Last night we made it to Fairhaven, Massachusetts where we slept on the floor at a Unitarian Church. We had quite a wonderful potluck supper and one of the better sharing discussions afterwards. Much to my delight there were several key organizers at this event who are working locally to connect spending on our current wars to the economic problems here at home. One local postal worker, and a leader in his union, spoke with great passion about the need to increasingly make these connections.We began yesterday in Warren, Rhode Island (we have been criss-crossing back and forth between these two states in recent days). We held at short vigil at the National Guard Armory in Warren (these guardsmen are trained to be military police and have been sent to work at the U.S. prison in Guantanamo). Then we walked to a local park by the river, which we learned had been the summer camp for the Wampanoag tribe for thousands of years. Amongst the baseball fields, basketball and tennis courts are several mounds that were burial grounds for the Native Americans who once flourished throughout this region. There the Buddhists, who are leading the peace walk, drummed and chanted and I watched as geese flew over our heads. I thought about the deep roots of the old trees on top of the mounds being nourished by the mostly forgotten bones of the native people.Two days ago we had lunch at a home overlooking the Cole River in Swansea, Rhode Island which was the first house burned down by Indians when King Phillip’s War (King Phillip was the name the British gave to the native leader called Metacomet) began in 1675. The original chimney still remains in the restored house and I spent much time while walking during the last few days thinking about this thing we call “progress” that the white man brought to North America.

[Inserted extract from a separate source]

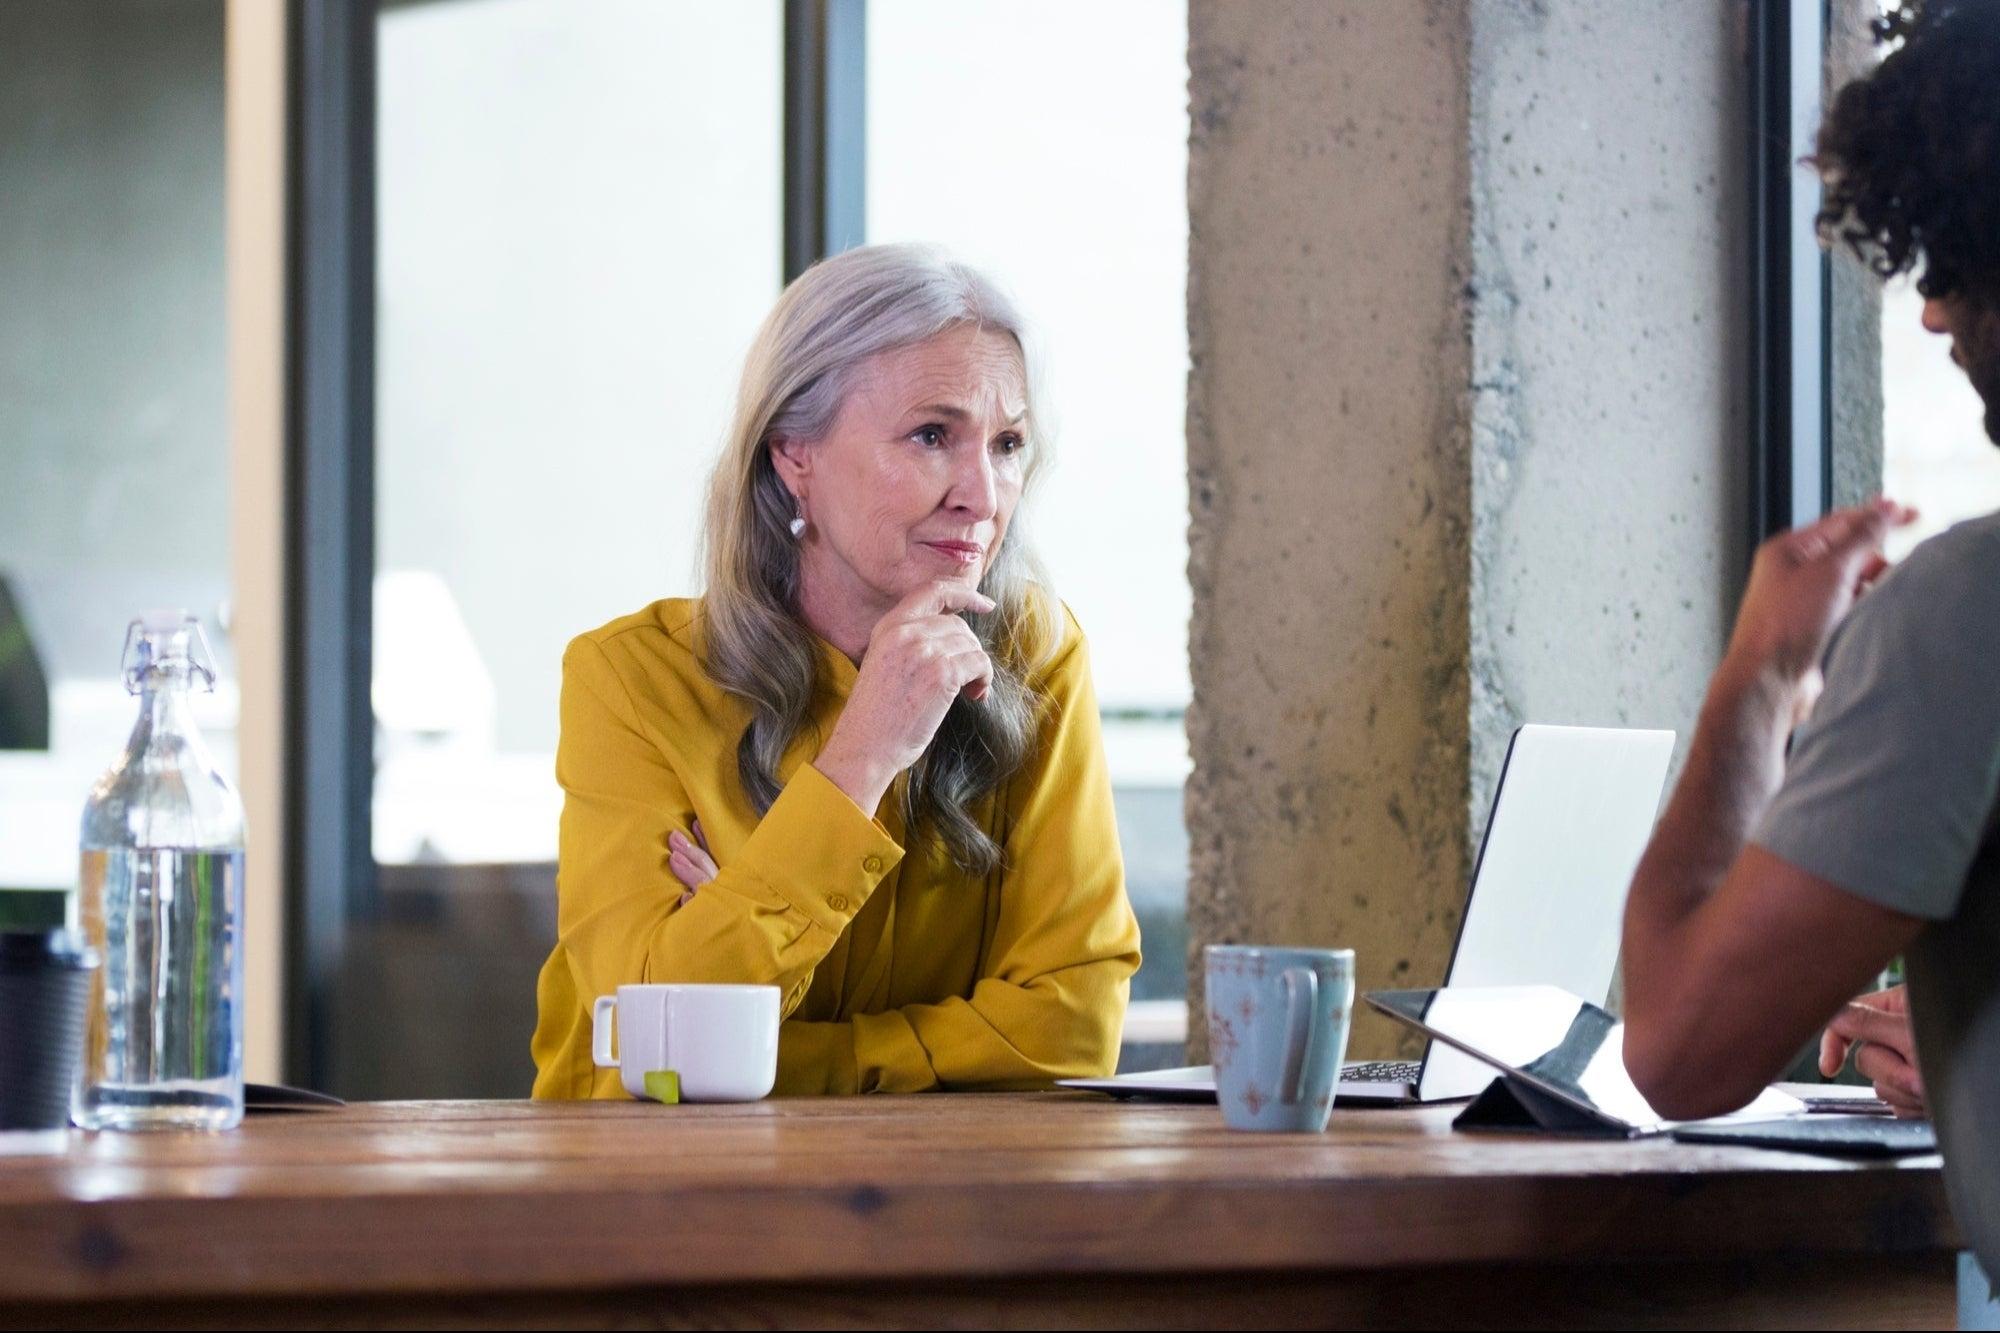 5 ventajas que tienen los trabajadores mayores sobre otros candidatos laborales
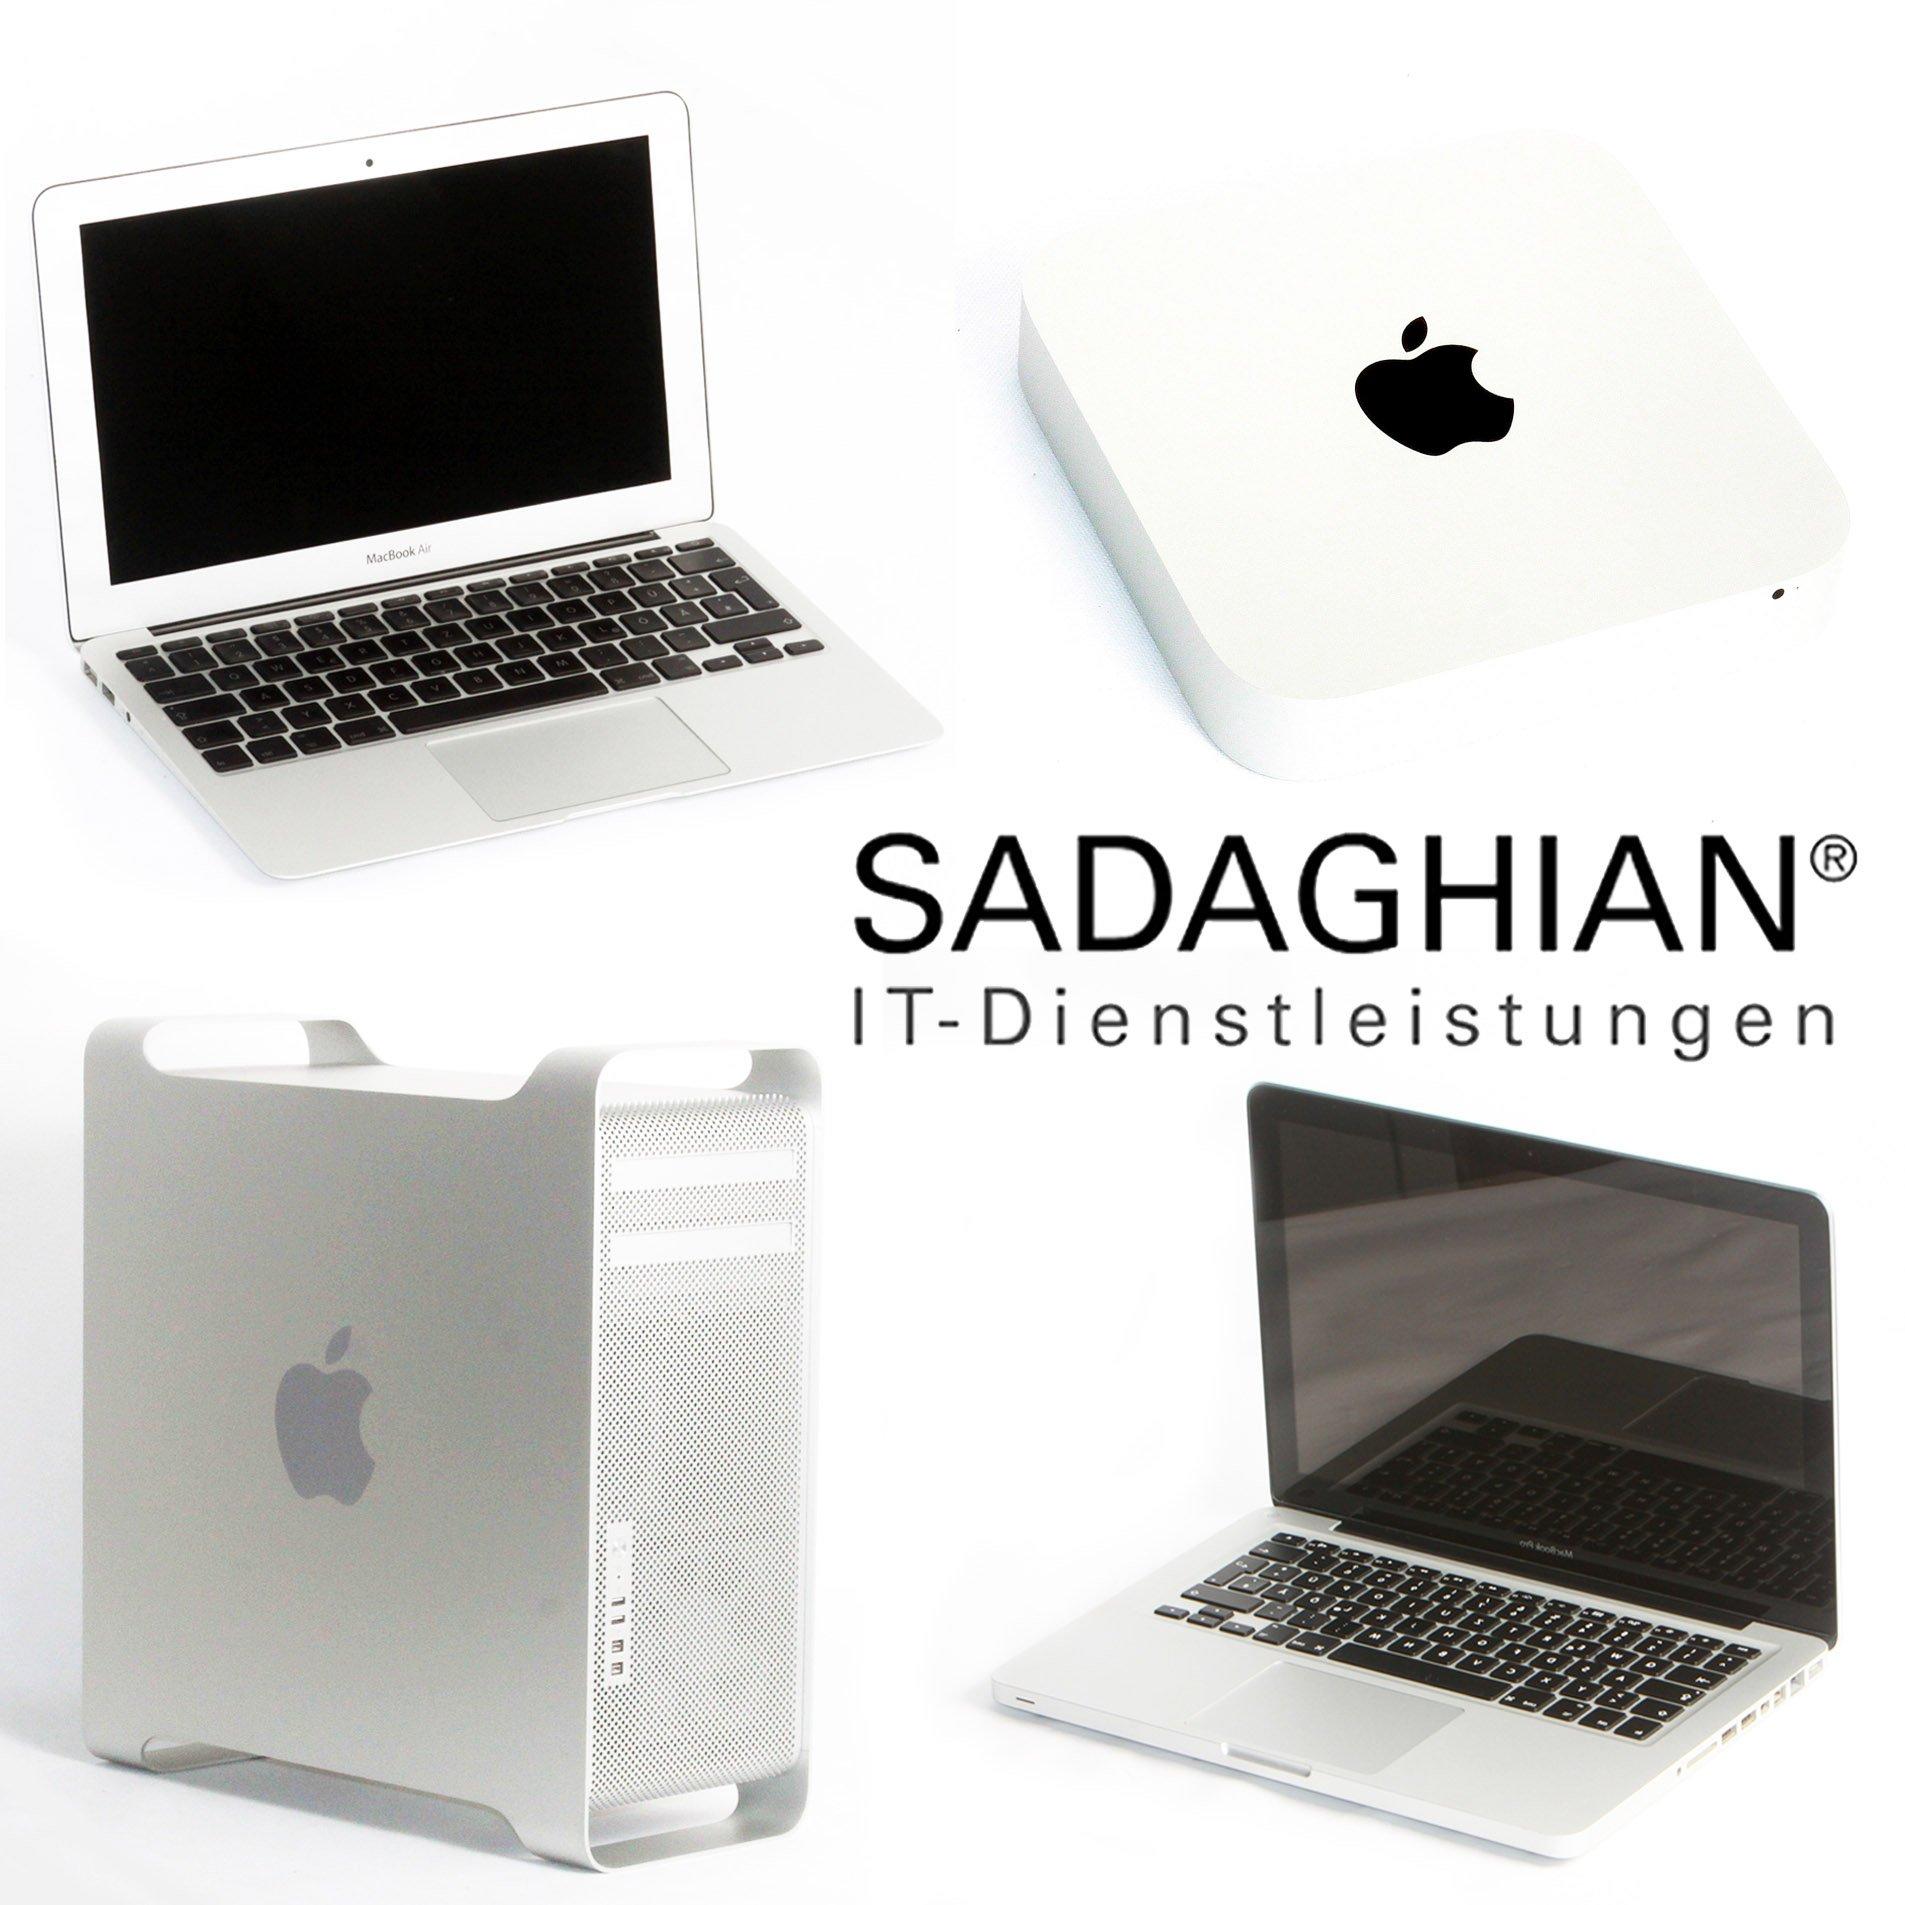 Sadaghian IT-Dienstleistungen Mac-Reparatur Werkstatt

Two cooling towers of a coal-fired power plant stick out like a sore thumb just on the other side of the river from this ancient house where we ate lunch. All around us as we walked we saw auto junk yards, neon signs, fast food restaurants, polluted water, highways with cars spewing exhaust fumes, and miles of asphalt highways. None of this enhanced the land nor did it offer the wildlife or the people a real chance for survival.
The woman who now lives in the house that was burned at the start of the war against the Indians talked about the inevitability of war between the white pilgrims and the Indians because each had fundamentally differing philosophies about the land. The pilgrims believed land could be possessed and sold for profit. The Indians couldn’t comprehend the concept of ownership of land – their way to life was made possible by a reverence for the land and a belief that the people had to live in harmony with nature. Much like in today’s world the victor was not necessarily the one that was most righteous but the one that had “superior firepower”.
But there is no peace in the land today. The Mother Earth is having convulsions as her body has become toxified and heated up by this out-of-control way of life the descendants of the pilgrims, and subsequent generations of immigrants, have brought to this continent.
I feel a deep sadness about all this, which gets magnified when we walk past huge graveyards where the white people are ornately buried. The Indian burial mounds now have junkyards and ball fields planted on top of them as the victors have even determined that these sacred sites must be desecrated and forgotten. But they are not forgotten – at least during this walk we are talking about the Native people and their culture and holding their memory up in our simple prayers.